Barclay is thought to be particularly impressed with the Doctors' physical characteristic of having 2 hearts, which compensates for him being a heartless b@*tard himself.






Health Secretary Steven Barclay has warned NHS workers they risk losing any future accolades and hand-claps of appreciation unless they end their pay dispute and get back to work immediately.


NHS staff should concentrate on saving people's lives and not waste their time standing on picket lines in the hope that government ministers might be listening to their unfair demands.


Barclay also warned front line staff that the Government was considering taking back all the hand-claps and saucepan bangs they received during lockdown.

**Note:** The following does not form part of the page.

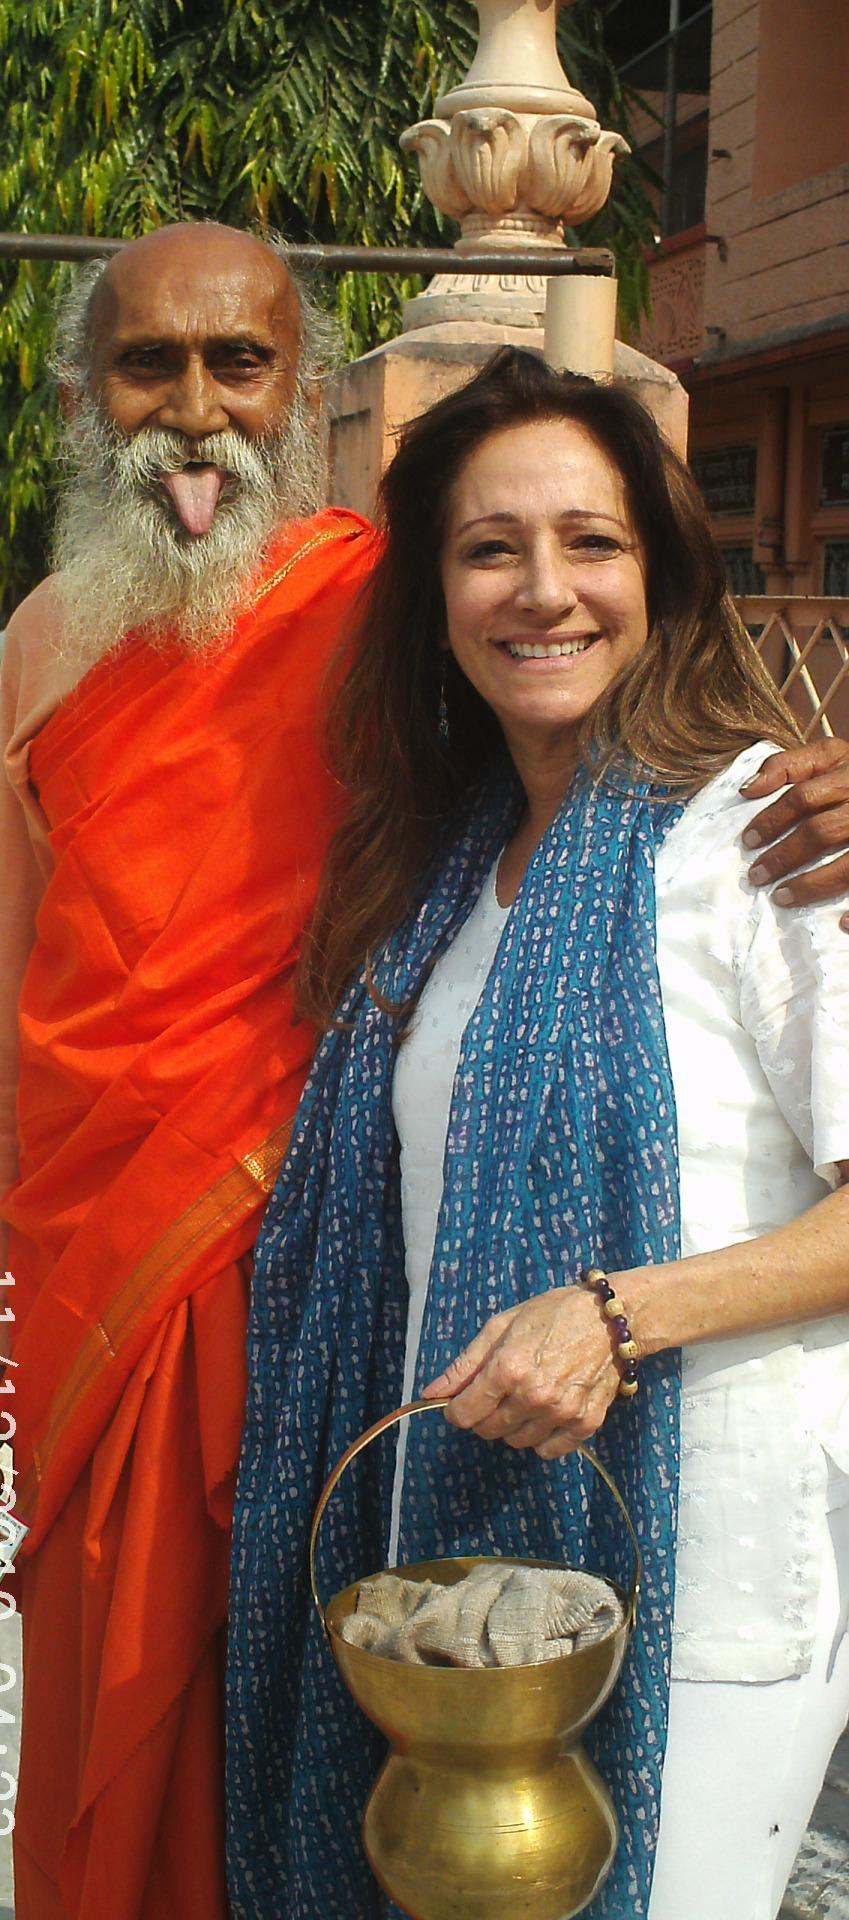 Debra in India

‘Tens of thousands of ambulance workers, call handlers, paramedics, nurses and doctors could all be stripped of those hard won hand-claps,’ sneered a Department of Health spokes-Scrooge. ‘All that banging on saucepans, Boris standing on the doorstep of Number 10 beating his wok, showering workers with thanks for saving the nation …it will all have been for nothing. And what do they hope to gain from strike action? A few extra pounds in their pay-packets? Shorter working hours? Investment in the NHS? Reduced waiting times at A&E? Are they really prepared to lose all those wonderful hand-claps just for that? Christmas might well be the time for giving, but nurses will get nothing from us'.

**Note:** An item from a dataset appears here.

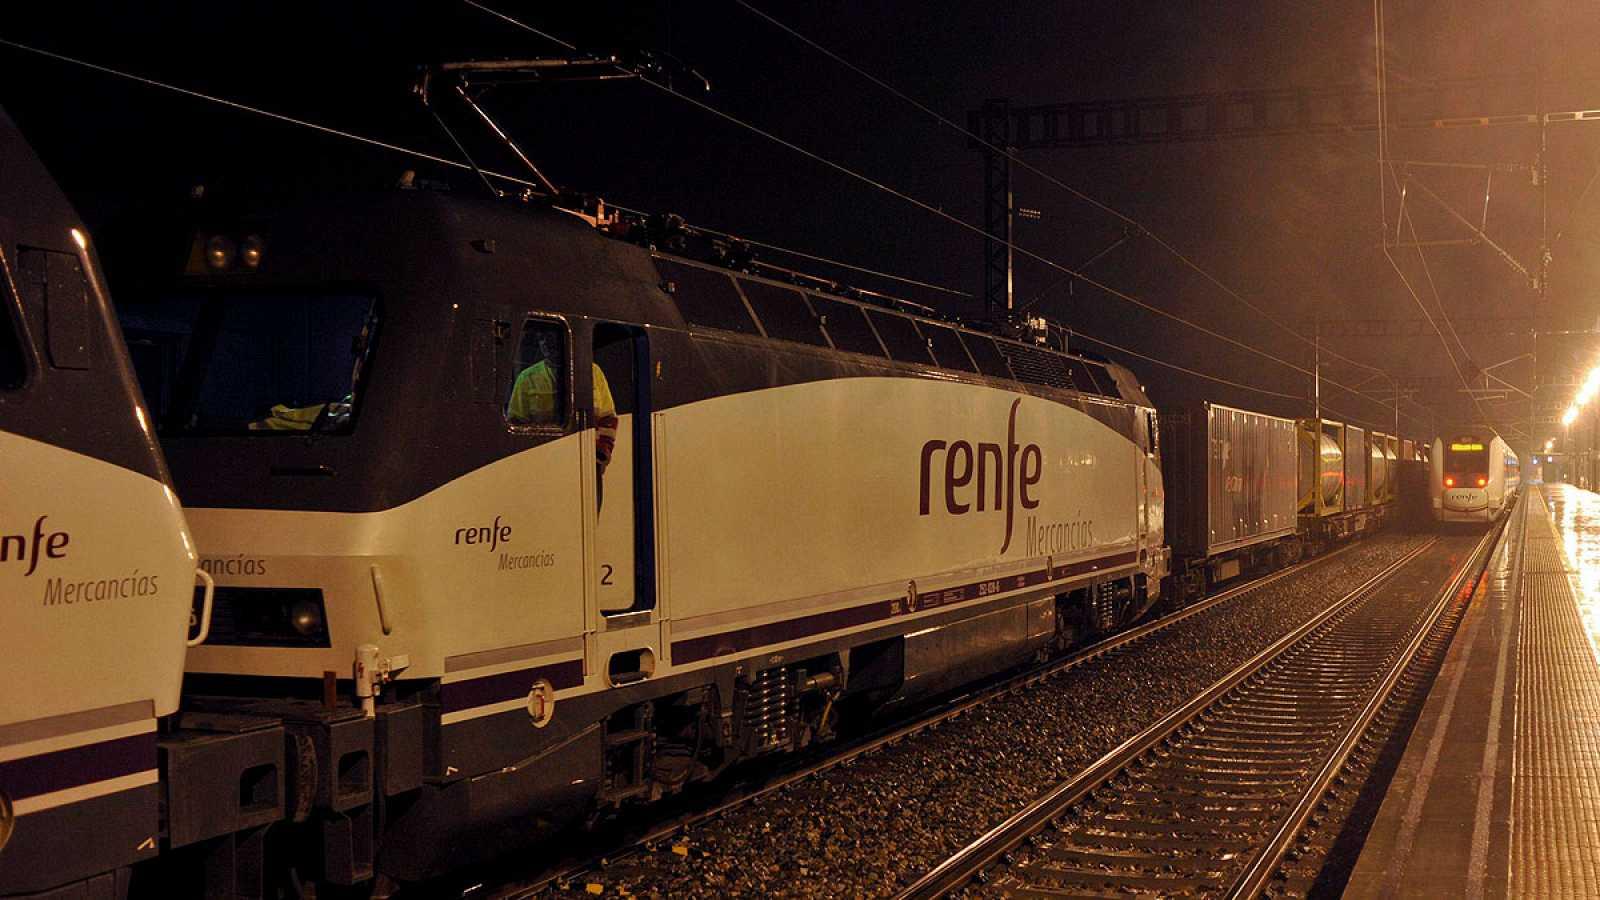 Imagen de archivo de un tren de Renfe mercancías

Furious unions have accused the Health Secretary of making farting noises with his armpits during negotiations, and of wiping bogies on the underside of his desk. Initial reports suggest Mr Barclay entered into negotiations with his arms and fists swinging in a windmill fashion while shouting ‘If you don’t get out of my way, it’s your fault!’


RCN leader Pat Cullen expressed frustration that Mr Barclay would only respond to her questions with the repeated phrase ‘your mum’. He hit back at unions, accusing their mums of being prozzies and their dads of buying their shoes at Poundland.


Talking to Jo Coburn on BBC Politics Live, Mr Barclay demonstrated his negotiating techniques with the help of a small He-Man figurine and a Barbie doll. As the toys violently clashed, he told viewers:


‘Boosh! Take that, union scum. Chiff-chiff-chiff. Doosh-doosh!!! You want a pay rise? Prepare to die. Boom. Aaaaagh. Chiff-chiff-chiff…’


He then simulated sex with the toys until his elderly mother came on set and clipped him around the ear.


Mr Barclay denies fidgeting and not paying attention.